2015 erwirtschaftete die WvW einen Jahresüberschuss von 251 000 Euro und hält nunmehr im zehnten Jahr den Fernwärmepreis stabil. Insbesondere durch die Abschlüsse von Neuverträgen für die Lieferung von Biogas und von Erdgas konnte der Bezugswert auf niedrigem Niveau gehalten werden. Daher rechnet die WvW sogar bis 2017 mit einen positiven Geschäftsergebnis – ohne Preiserhöhung. Allein aus dem Verkauf von Wärme und Strom erzielte die WvW Umsätze in Höhe von 2,16 Millionen Euro. Dank der Wetterlage im Vorjahr wuchsen ferner die Erträge der Anlage „Eilenburger Straße“. So speiste die WvW 2,78 Megawattstunden Strom ins Netz ein – die Erlöse: 522.000 Euro.

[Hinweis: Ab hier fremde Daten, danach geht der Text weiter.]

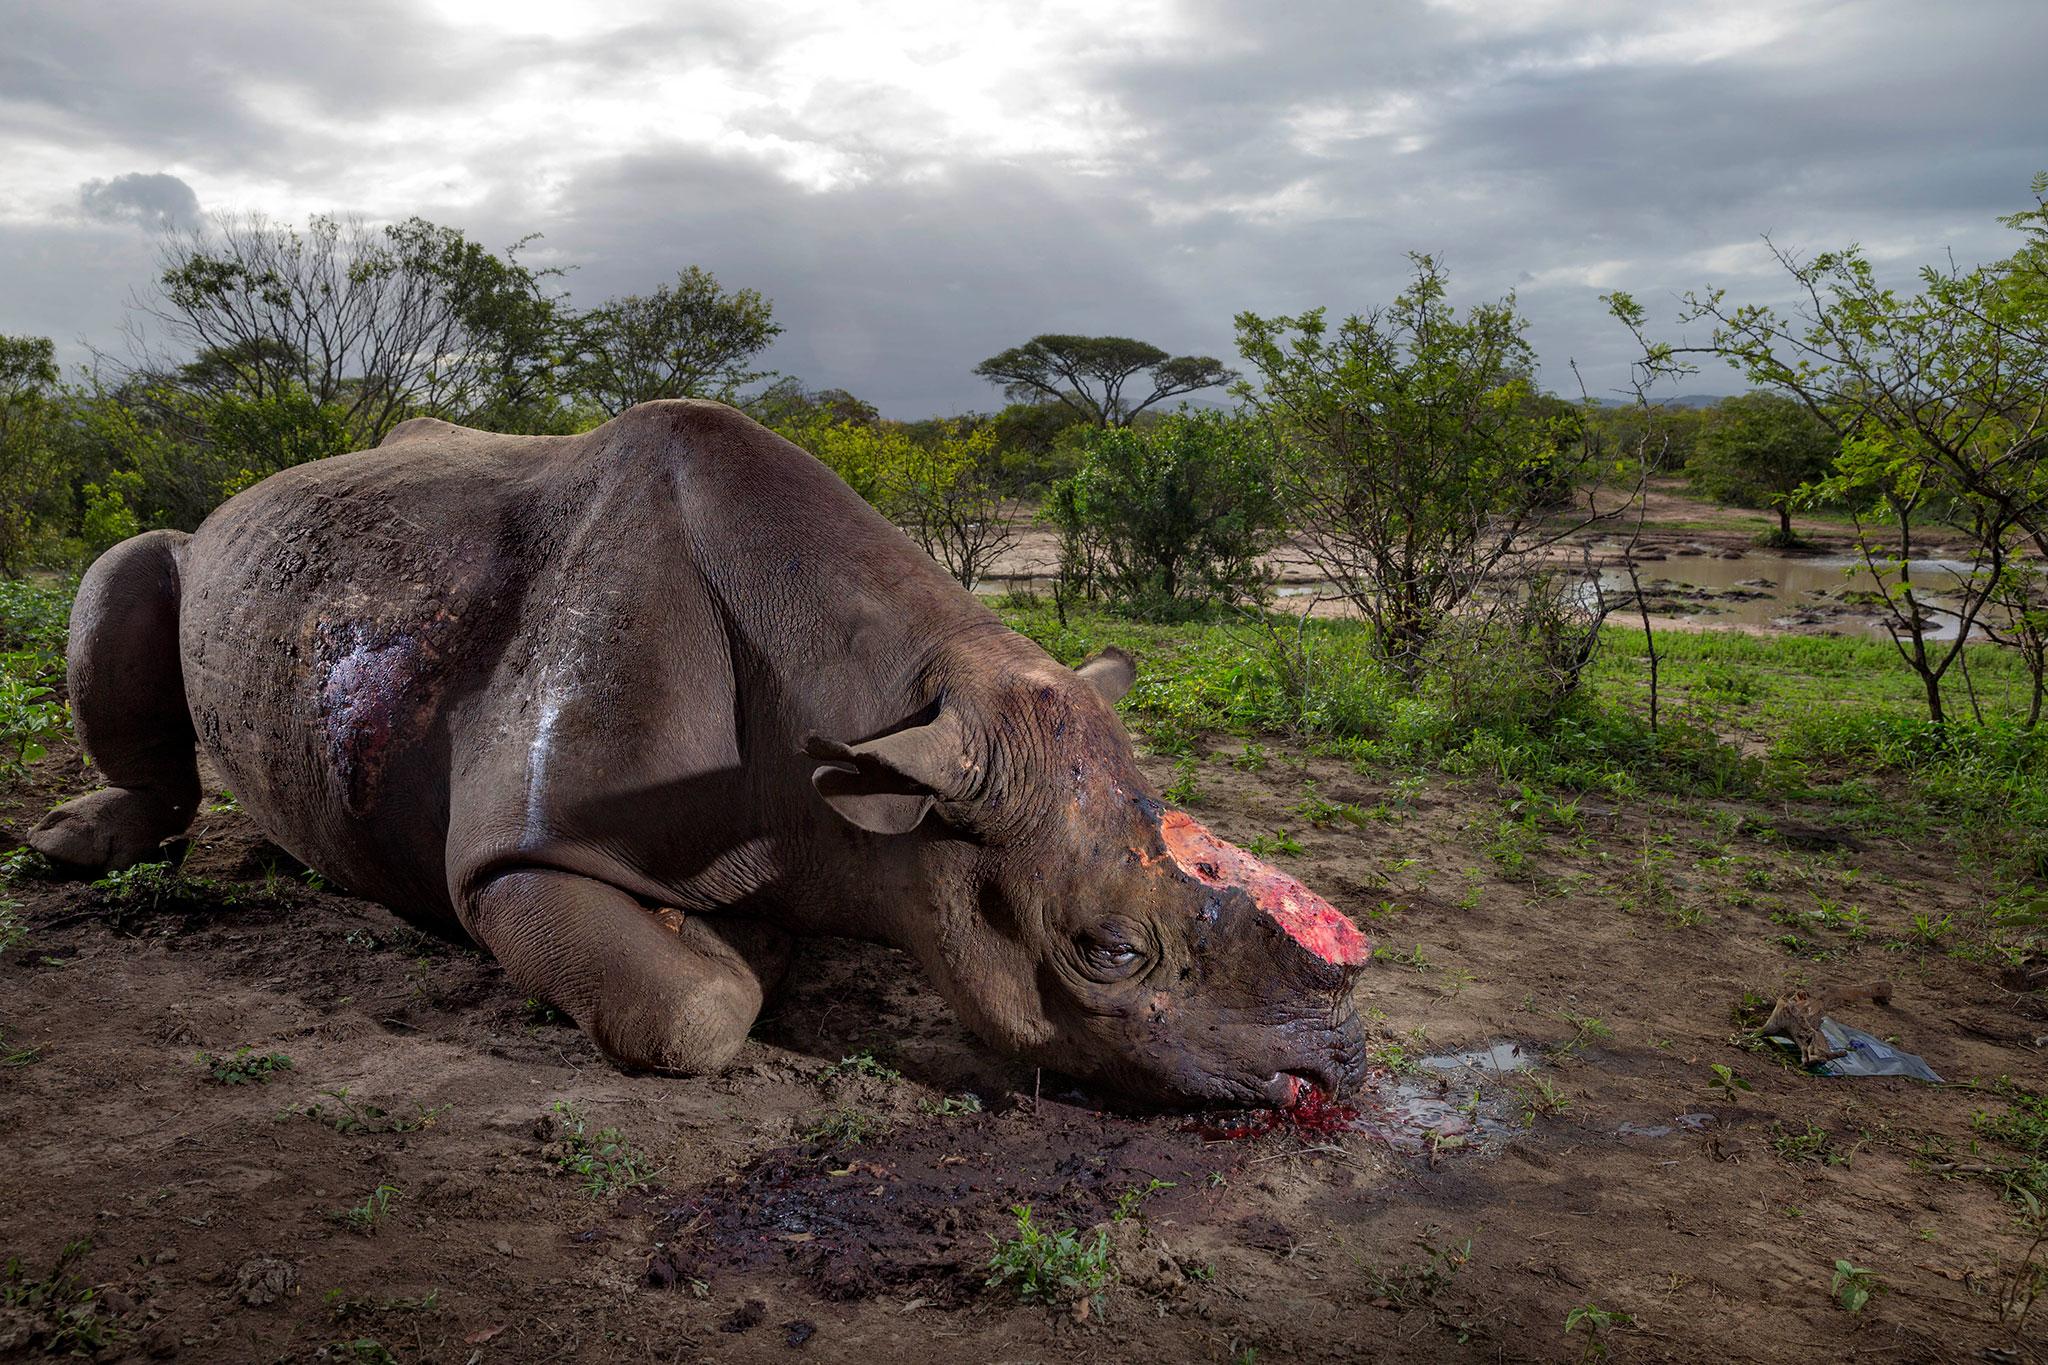 В 2017 году в Южной Африке браконьеры убили более 1000 носорогов / Фото: BRENT STIRTON

Zu den Gründen seines Abschieds nach zwei Jahrzehnten wollte sich Rätze nicht im Detail äußern. Nur so viel: Der Diplomingenieur übt lange schon eine Doppelfunktion aus. Als Geschäftsführer der Wärmeversorgung seit 1. April 1996 und zugleich als Betriebsleiter des Abwasserzweckverbandes (AZV) Muldenaue von Wurzen und Bennewitz, vormals des Eigenbetriebes Abwasserentsorgung Wurzen bis Januar 2014. Die Aufgaben im noch jungen Zweckverband, erwähnte Rätze, nehmen den Großteil seines Zeitfonds in Anspruch. AZV-Betriebsleiter bleibt er natürlich.